The Startup Genome

Hidden within the magisterial work, The Gene by Siddhartha Mukherjee was this incredible quasi-equation about the interplay between the code of humanity, the genotype and the physical representation of the code, the phenotype. Basically it is not a one to one mapping, code != reality. This is true since the genotype is influenced by the environment the person is in and by random chance, hence:

phenotype = genotype + environment + triggers + chance

It seems plausible to port this into the realm of early stage companies and can support the discussion around using quantitative tools for private investment. Here we can think of the phenotype representing the eventual outcome of the venture, the genotype the attributes of the company, the environment the competitive and general endogenous financial landscape and the triggers and chance representing their usual meanings.

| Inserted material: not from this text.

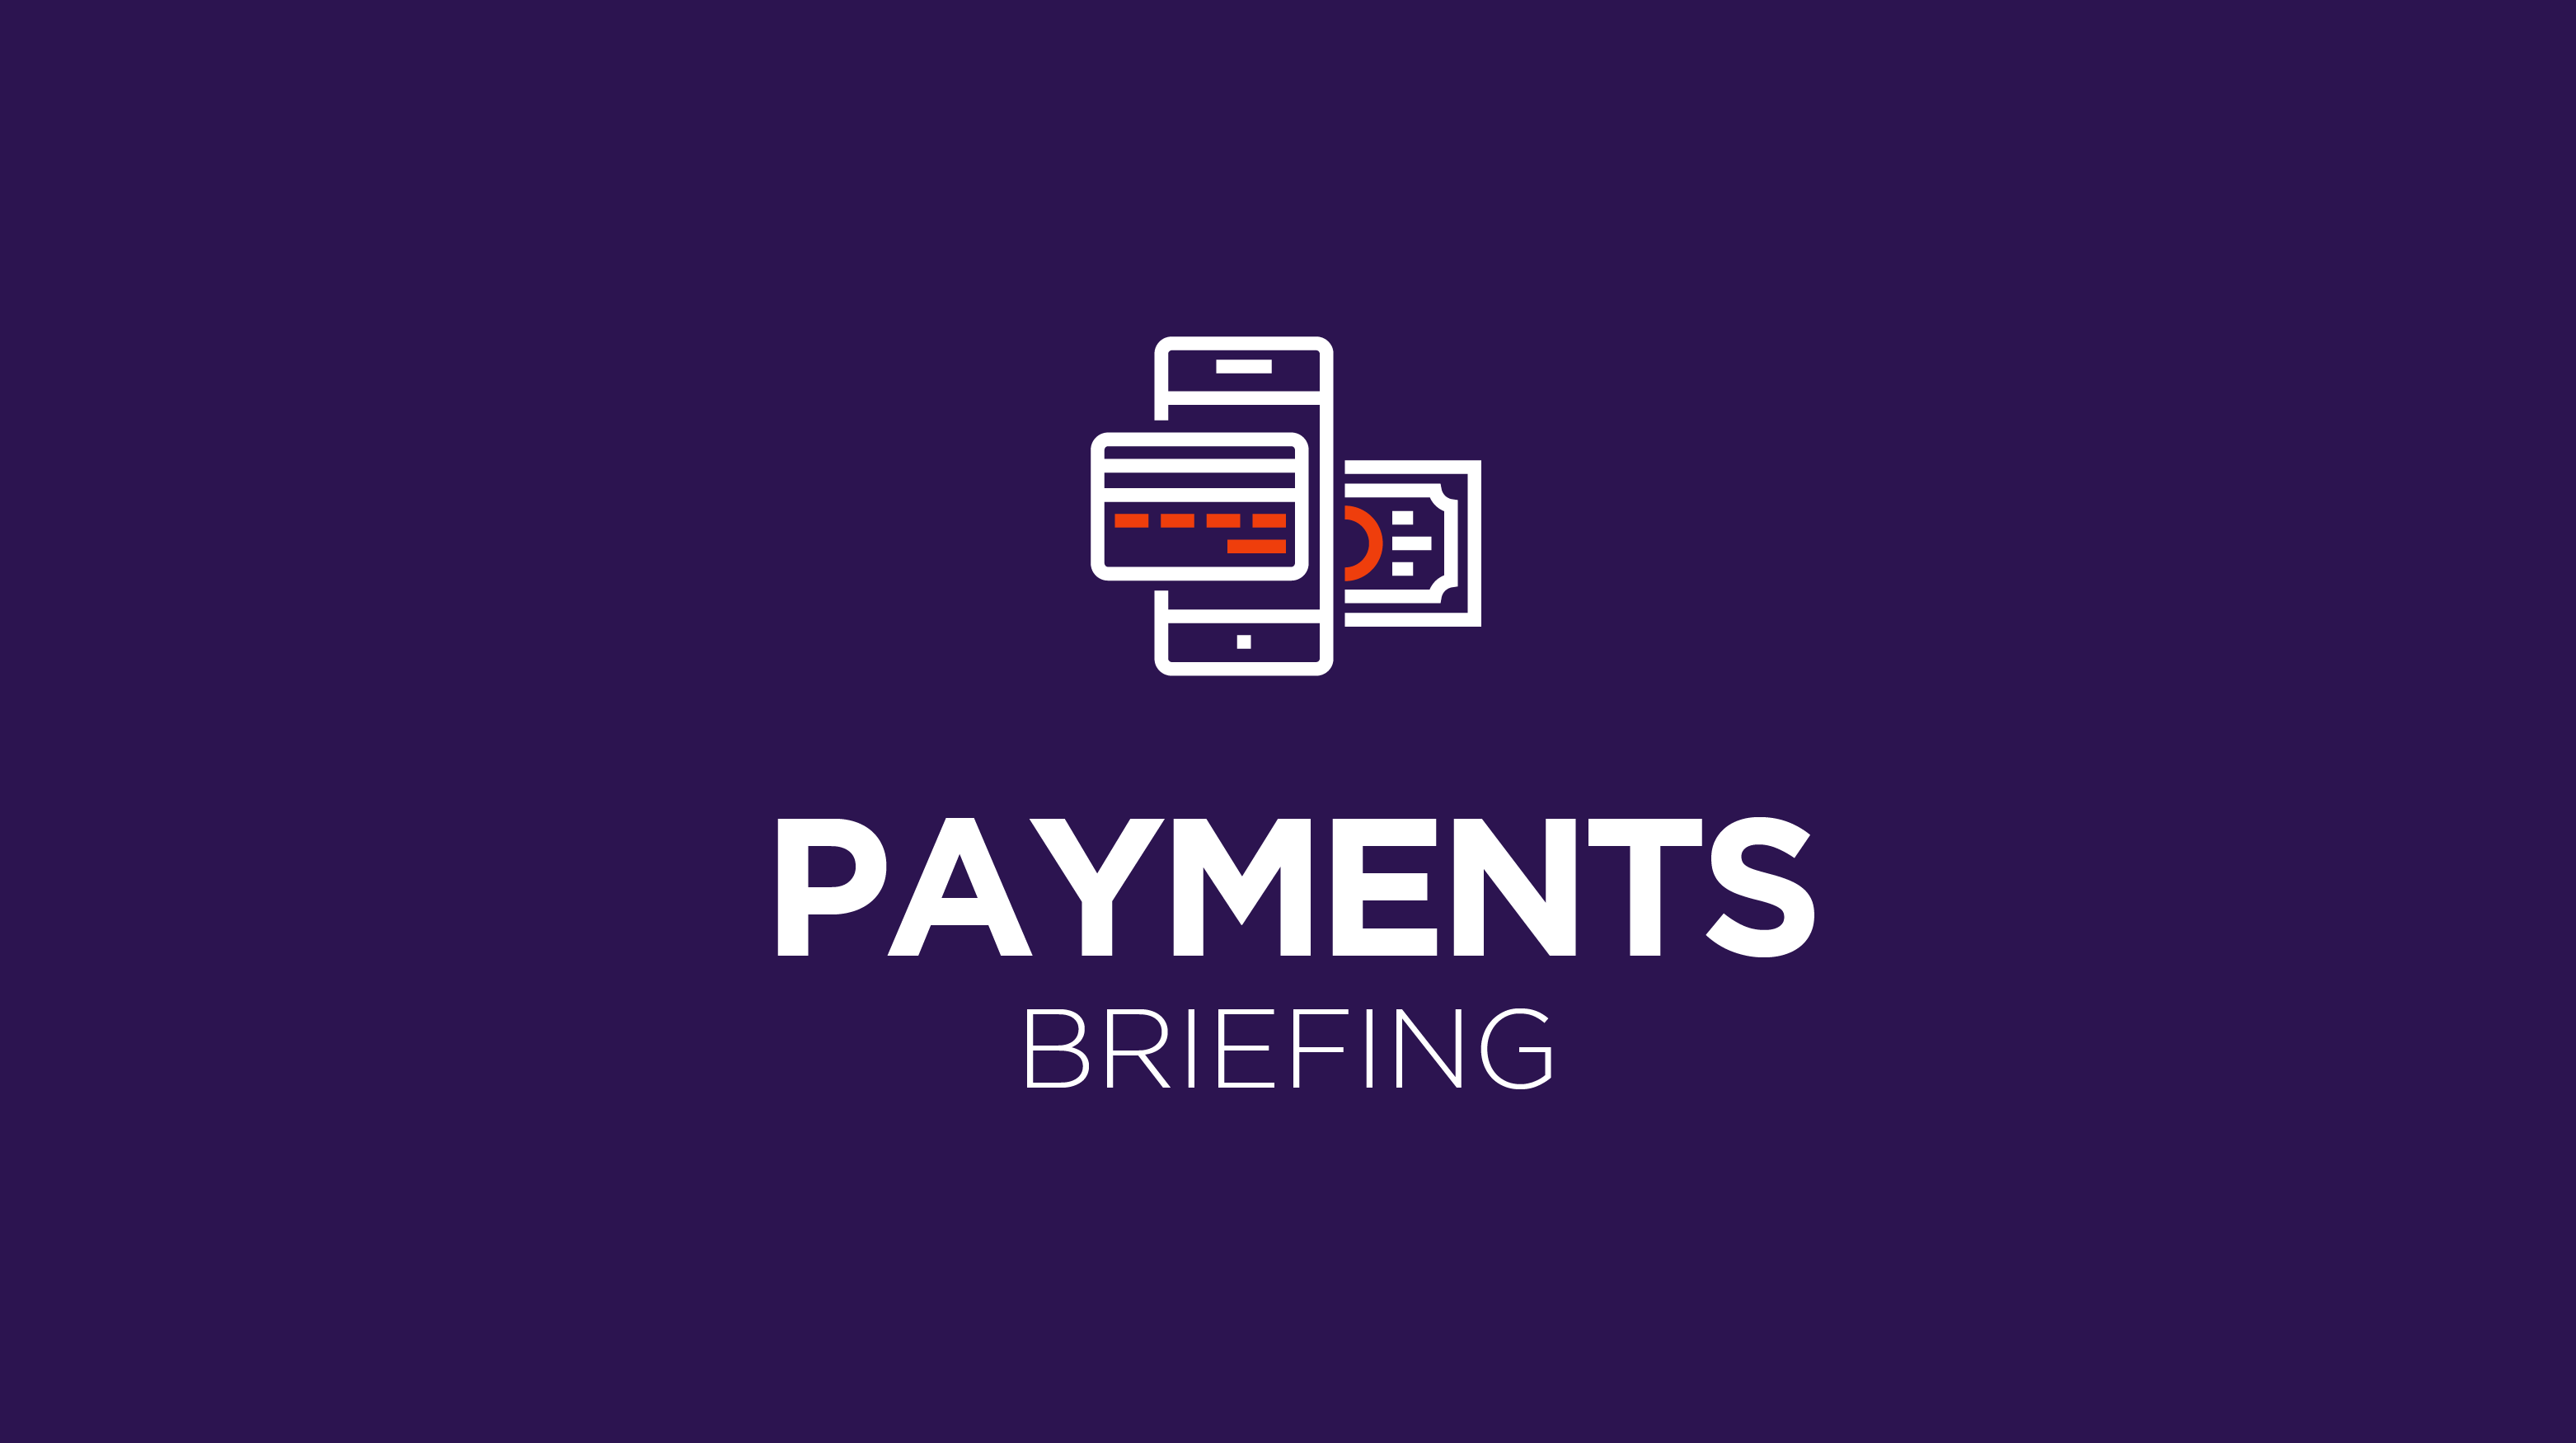 Payments Briefing: Digital payments are making it “easier than ever” for young consumers to make bad financial decisions￼

Building machine learning tools for venture investment selection really only uses the genotype of the deal (and perhaps the environment). This allows us to see the inherent limitations of using quantitative tools in private investment (as Chamath Palihapitiya recently quipped on twitter, to paraphrase: it's hard to use excel to predict the future) since the phenotype is made up of triggers and chance

But this hasn't stopped medicine from turbo-charging genomics to do what we can to eradicate disease so shouldn't we do what we can (build databases, ML models, graph theory etc.) to at least understand the startup genome as best we can so to remove as much uncertainty as possible? Obviously I think the answer is yes, which is why we've built and deployed ML models to support our investment decisions.